__EXERCISE DESCRIPTION__.
Restate the data word for word. Leave the pictures out.

__THE DATA__.
-*-

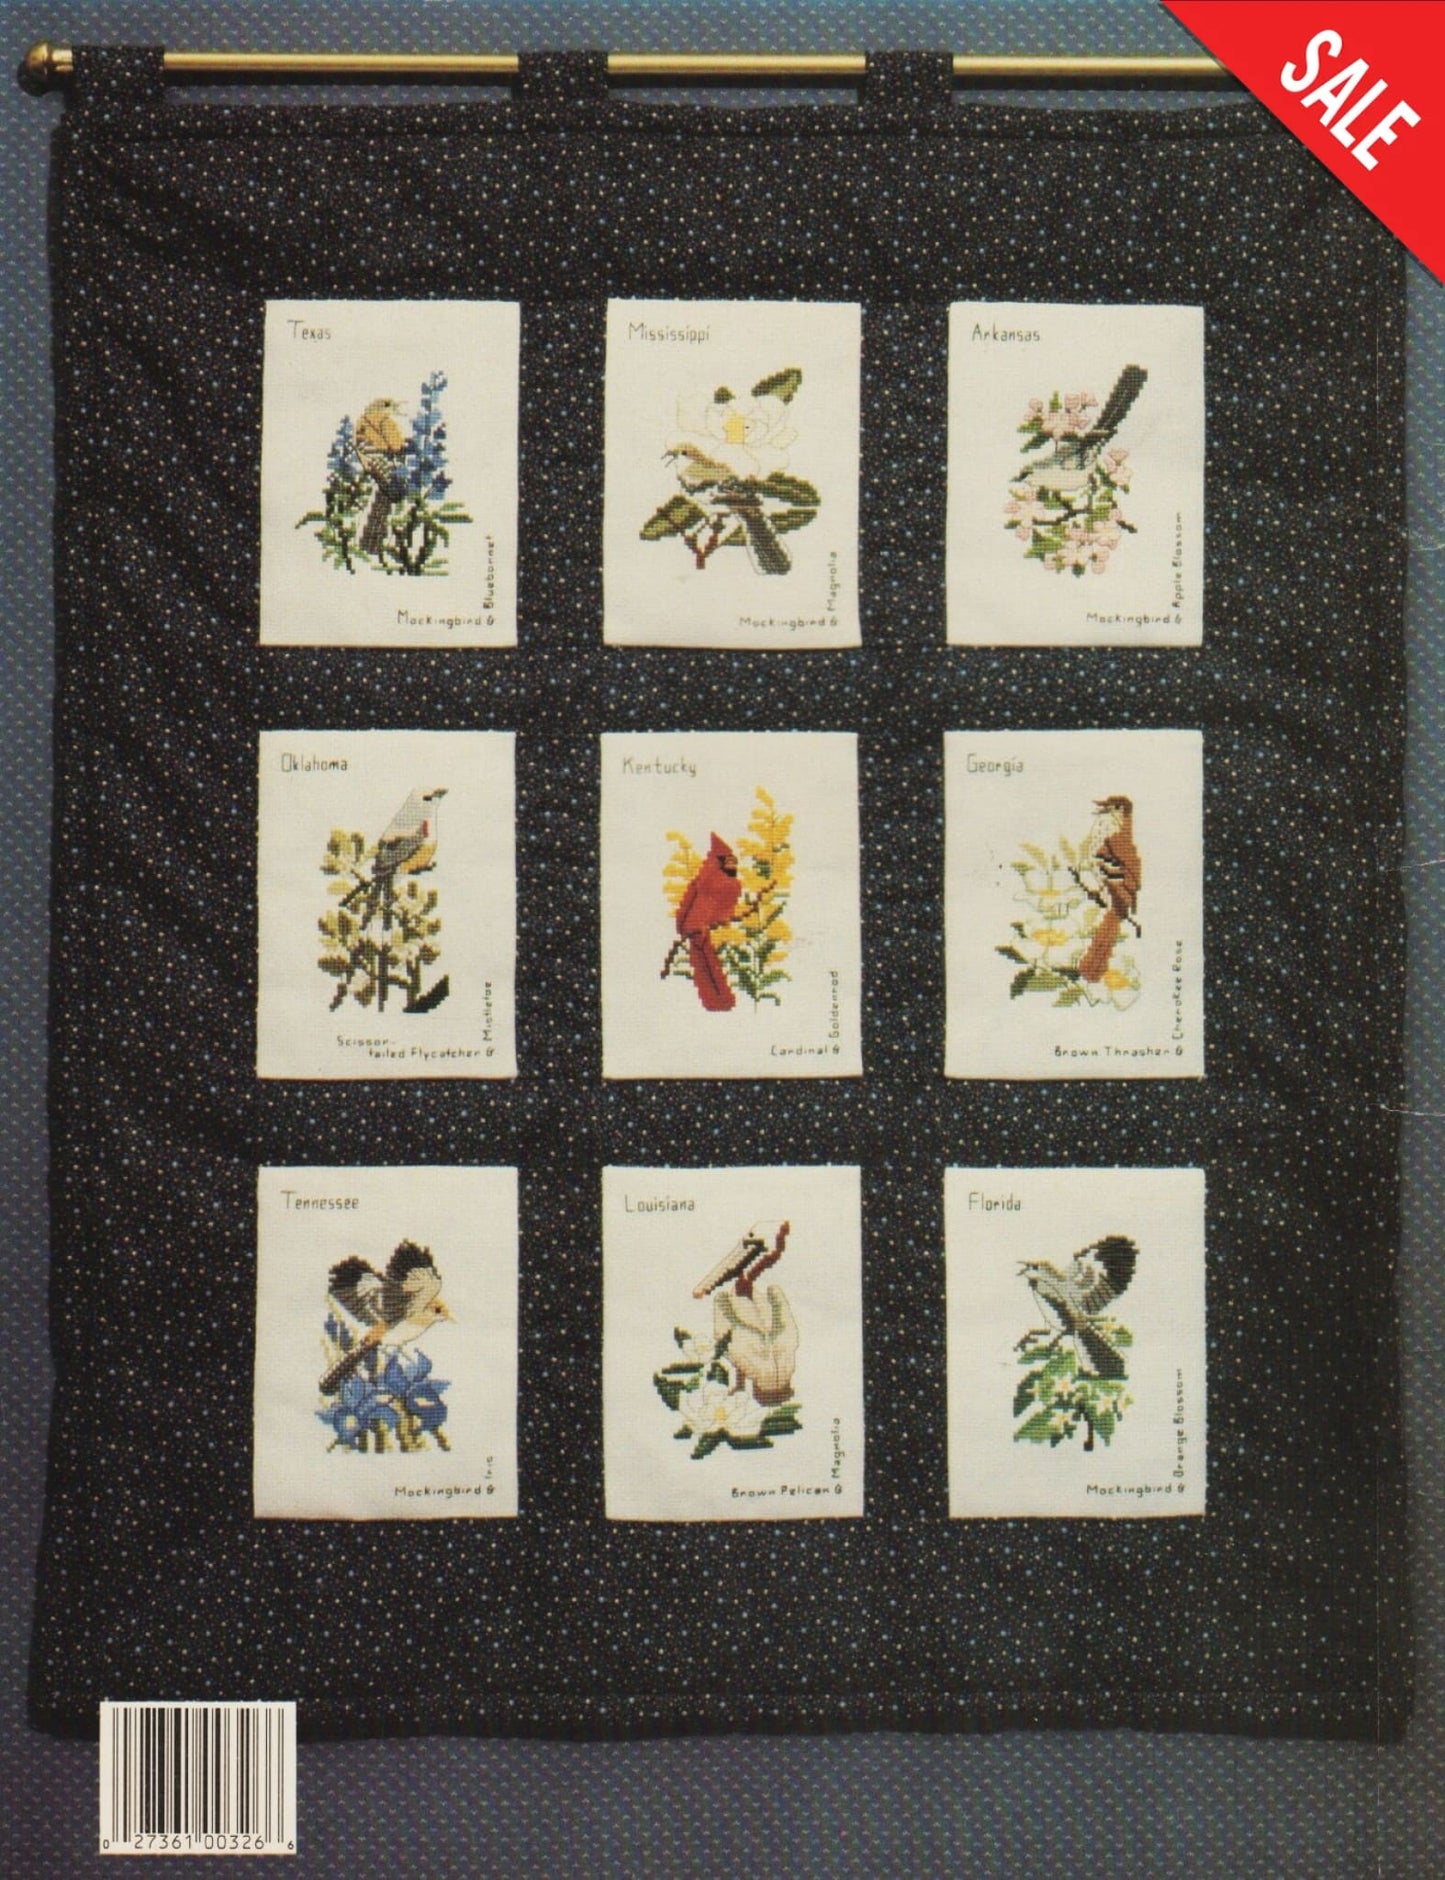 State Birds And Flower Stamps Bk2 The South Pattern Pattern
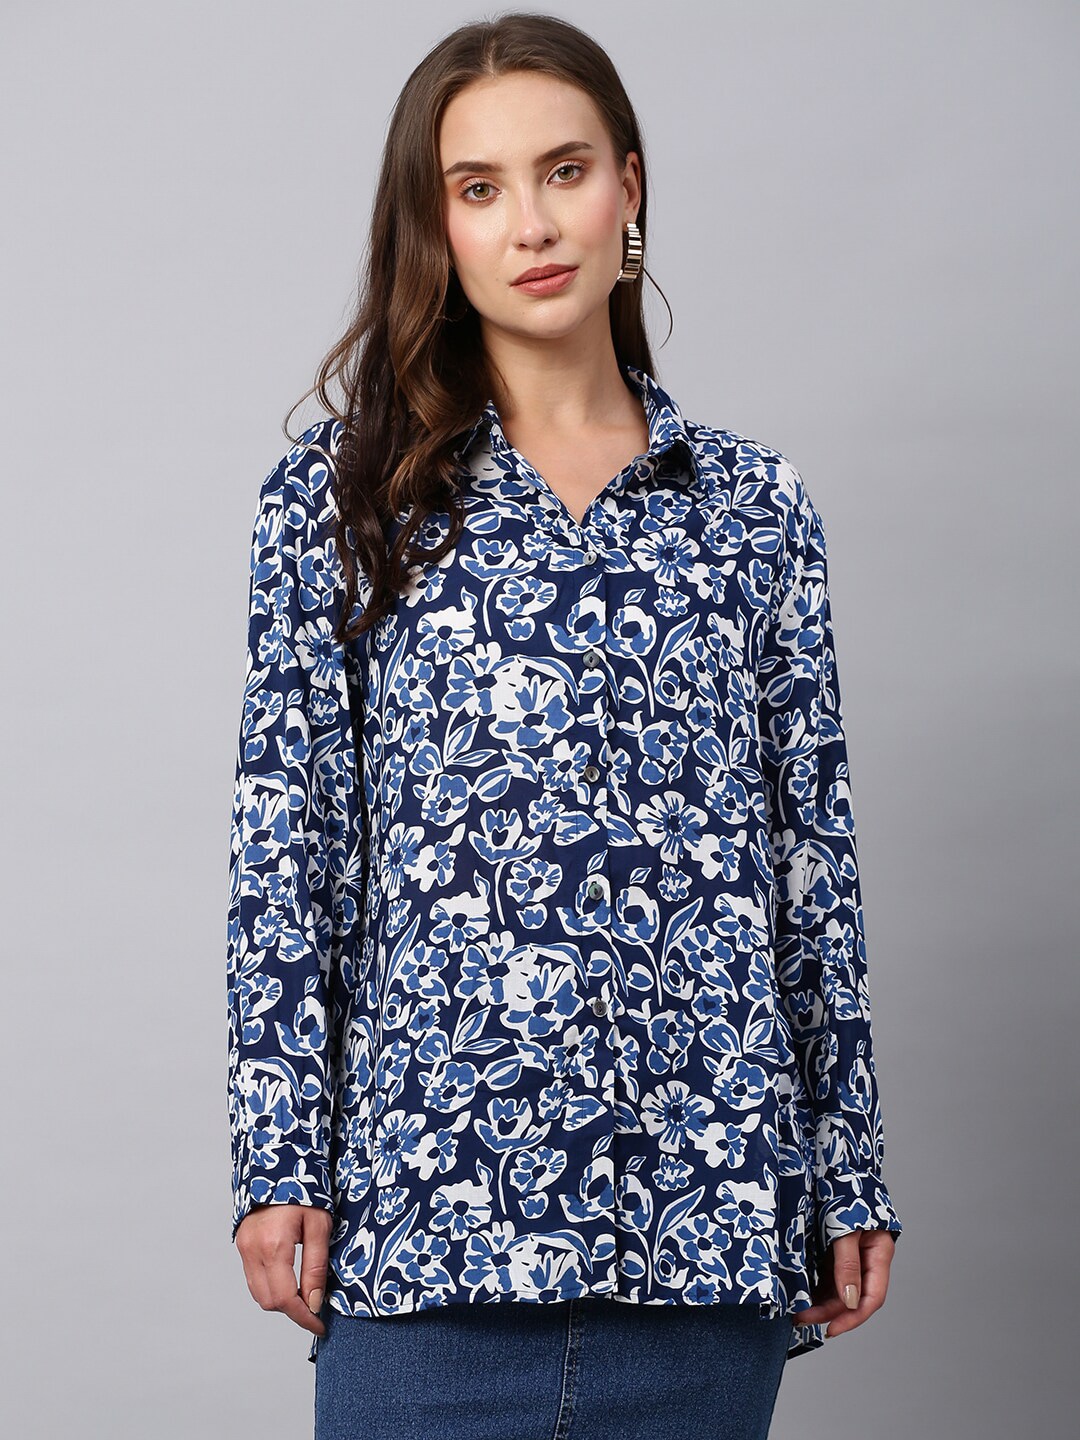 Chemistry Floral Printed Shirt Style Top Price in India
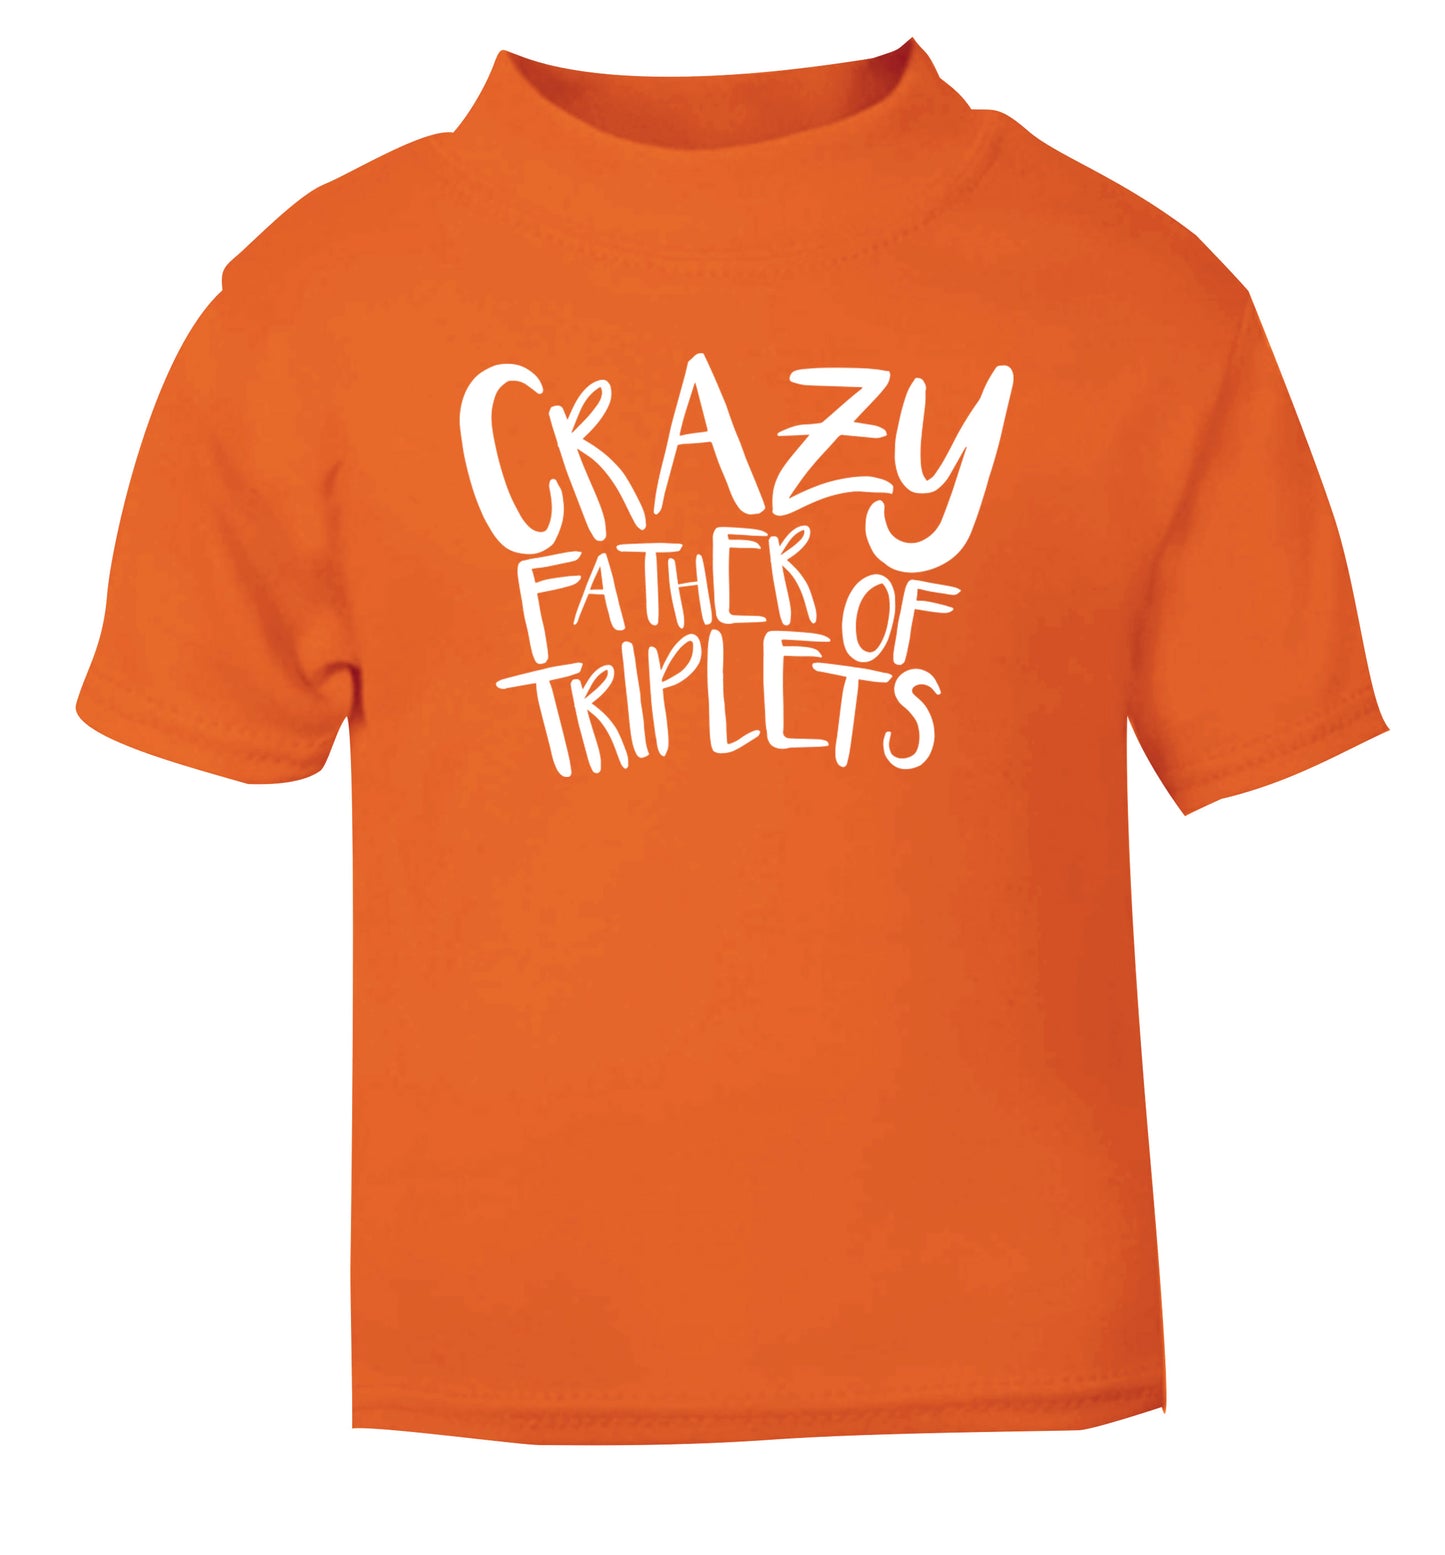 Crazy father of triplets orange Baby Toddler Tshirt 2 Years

-*-

__SOLUTION TO THE EXERCISE__.
 State Birds And Flower Stamps Bk2 The South Pattern Pattern
 Chemistry Floral Printed Shirt Style Top Price in India
 Crazy father of triplets orange Baby Toddler Tshirt 2 Years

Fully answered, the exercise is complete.